■ **Prompt**:
Leave the pictures out. Return the rest of the listing below exactly.

■ **Data extract**:
===
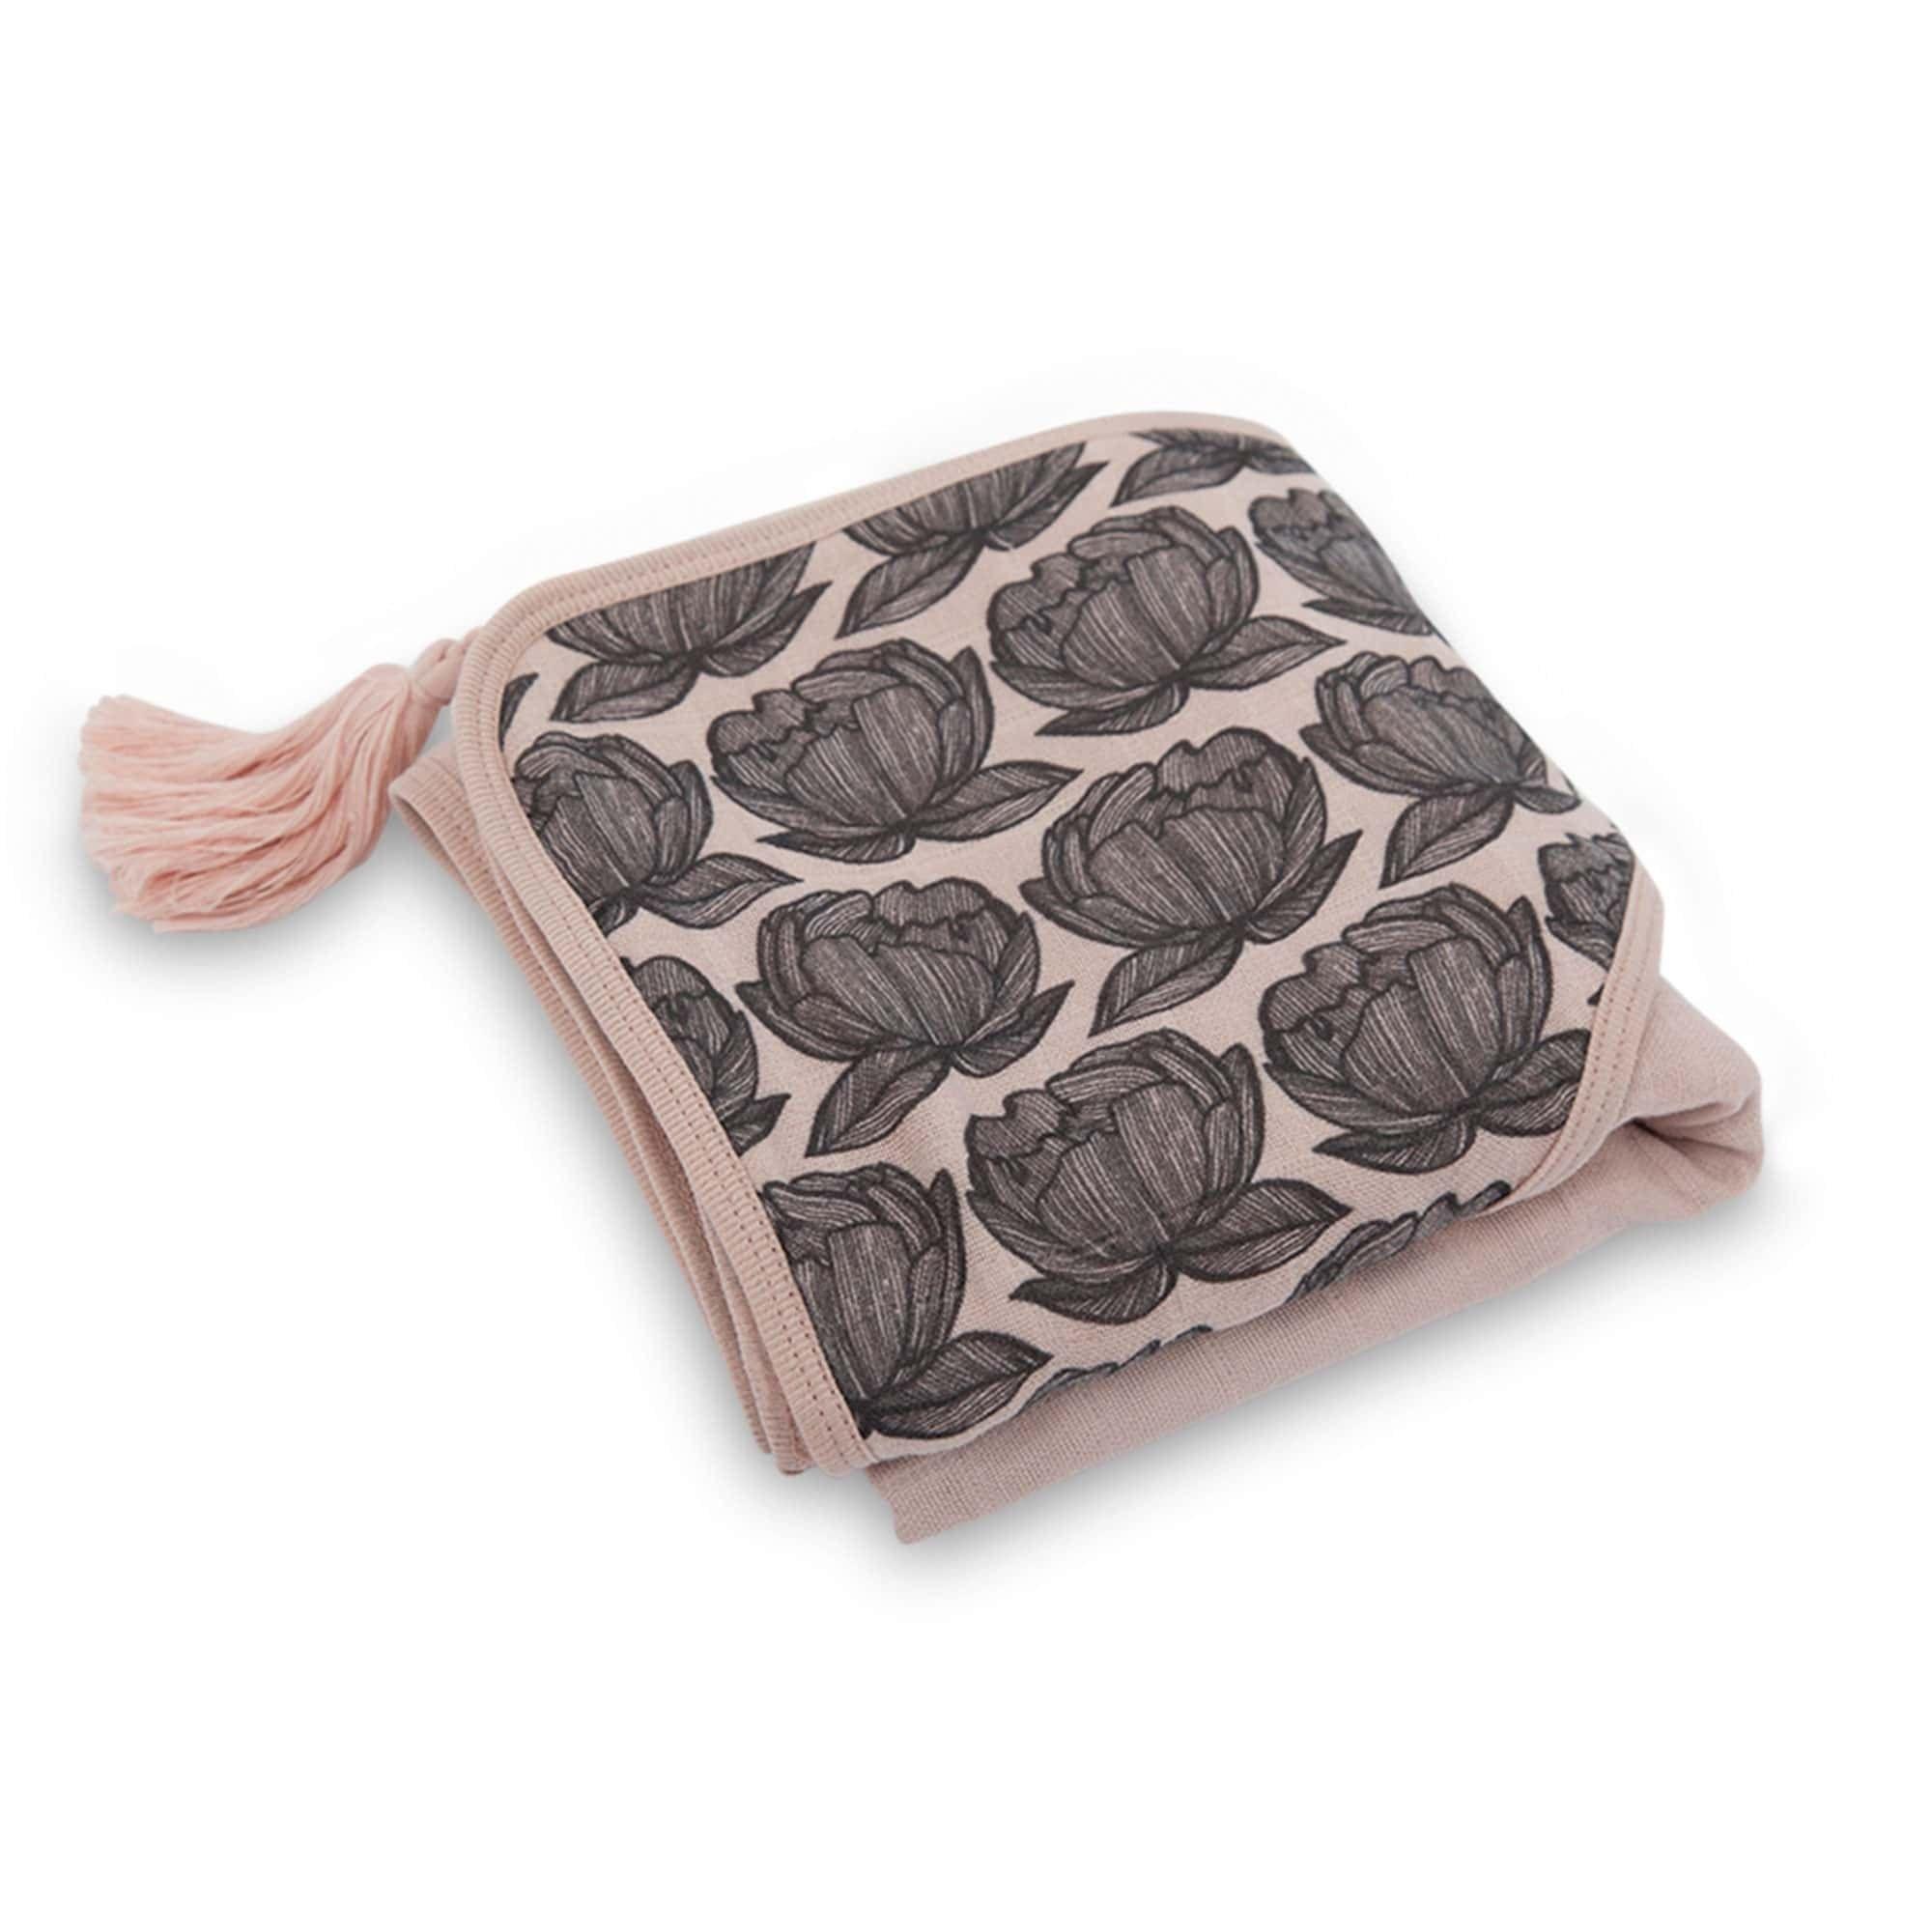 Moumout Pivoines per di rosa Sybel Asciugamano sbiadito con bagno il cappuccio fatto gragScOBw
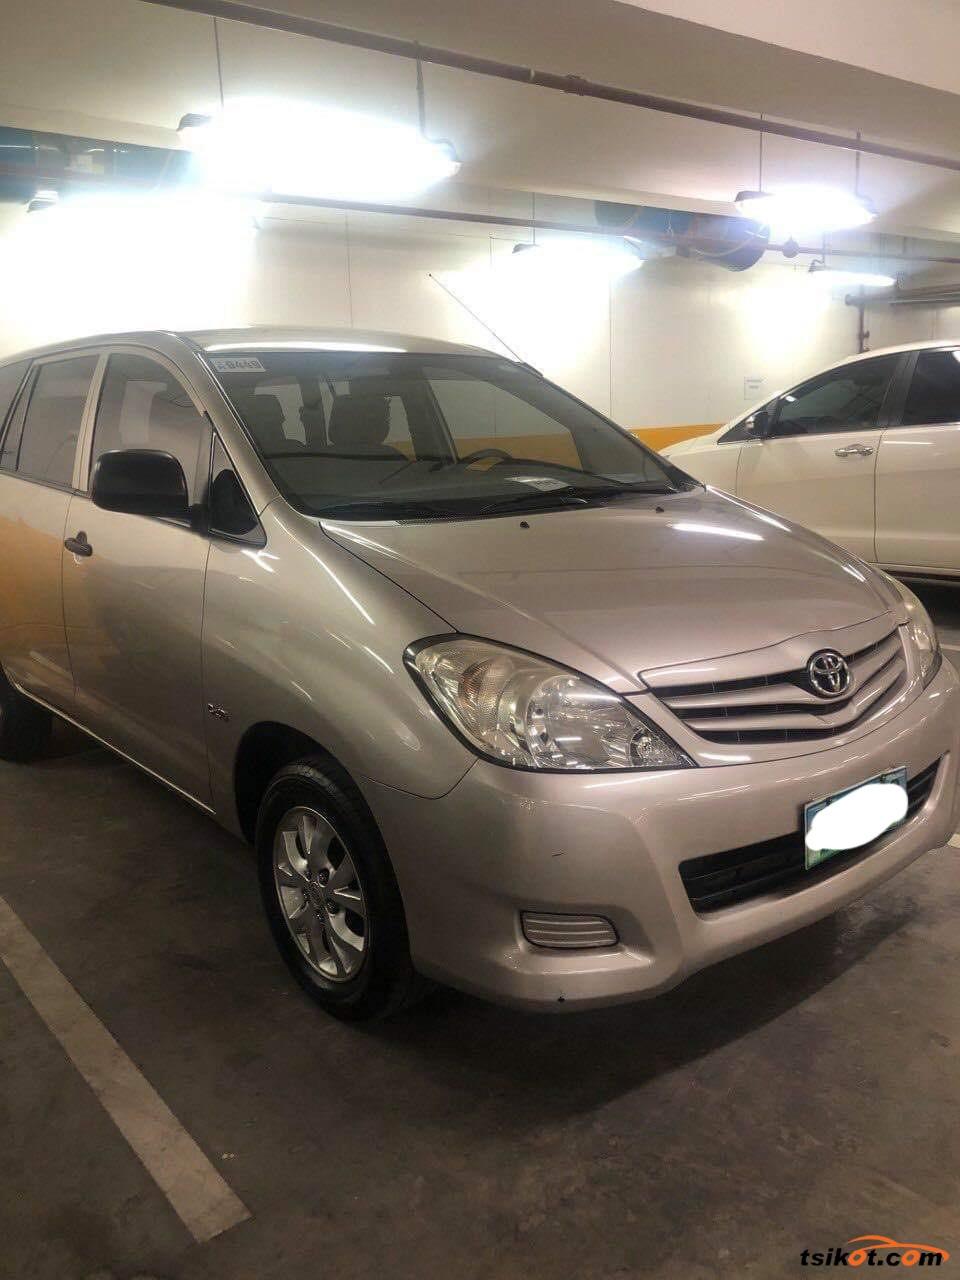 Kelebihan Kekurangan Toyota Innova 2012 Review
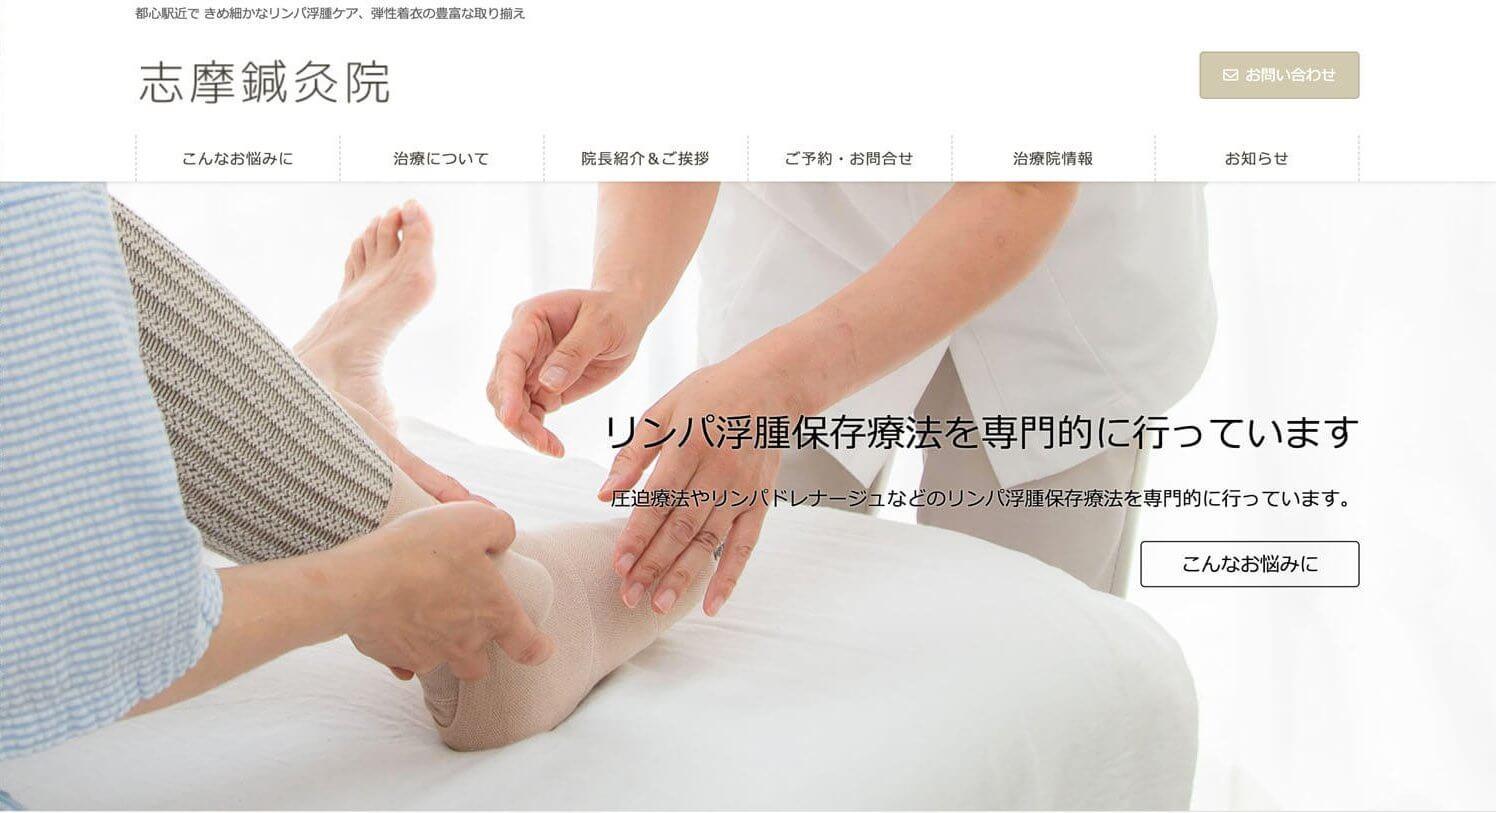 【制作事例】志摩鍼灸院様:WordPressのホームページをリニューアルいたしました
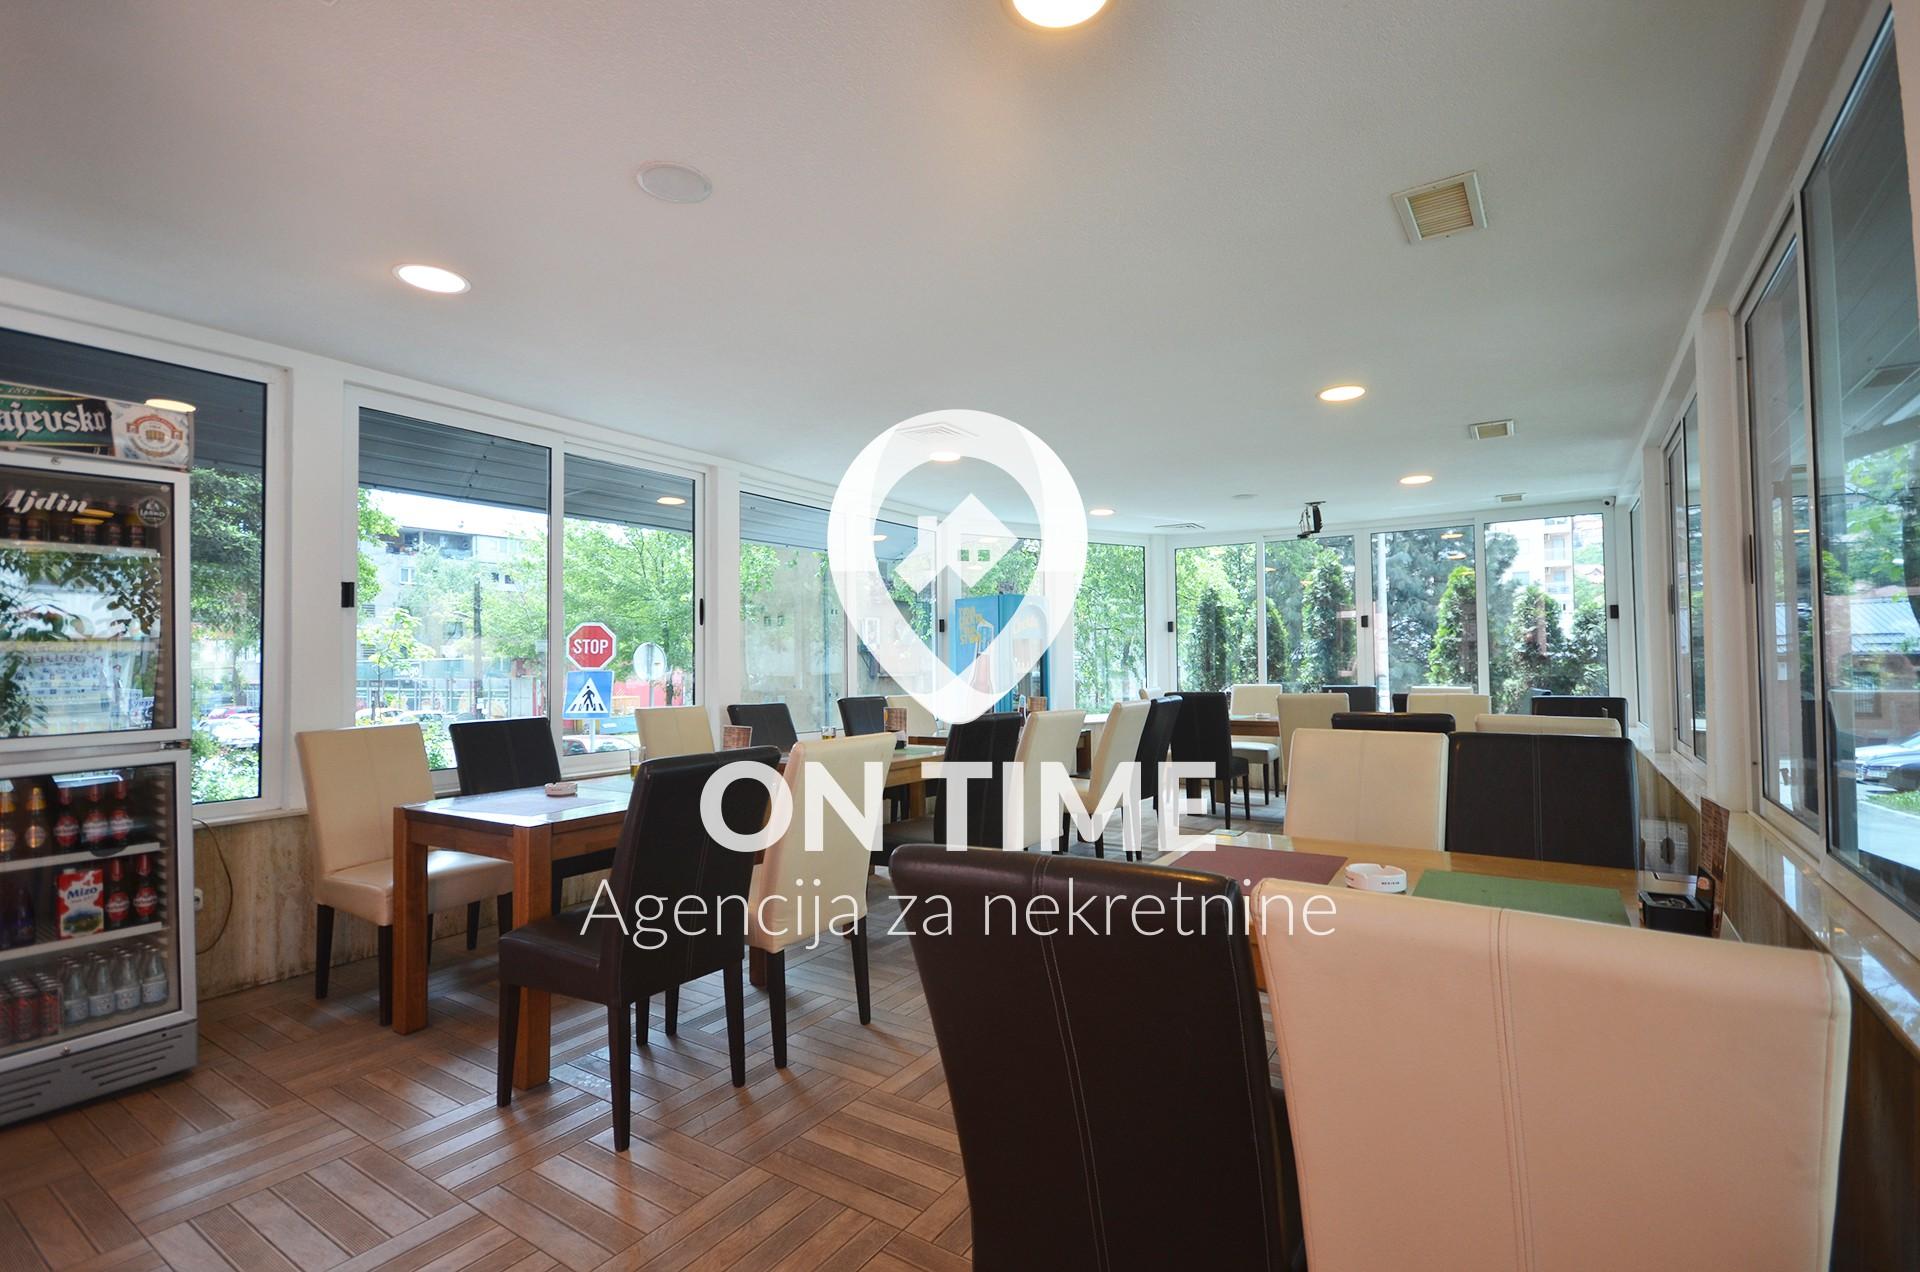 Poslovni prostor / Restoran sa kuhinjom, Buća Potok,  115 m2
===
■ **Task response**:
 Moumout Pivoines per di rosa Sybel Asciugamano sbiadito con bagno il cappuccio fatto gragScOBw
 Kelebihan Kekurangan Toyota Innova 2012 Review
 【制作事例】志摩鍼灸院様:WordPressのホームページをリニューアルいたしました
 Poslovni prostor / Restoran sa kuhinjom, Buća Potok,  115 m2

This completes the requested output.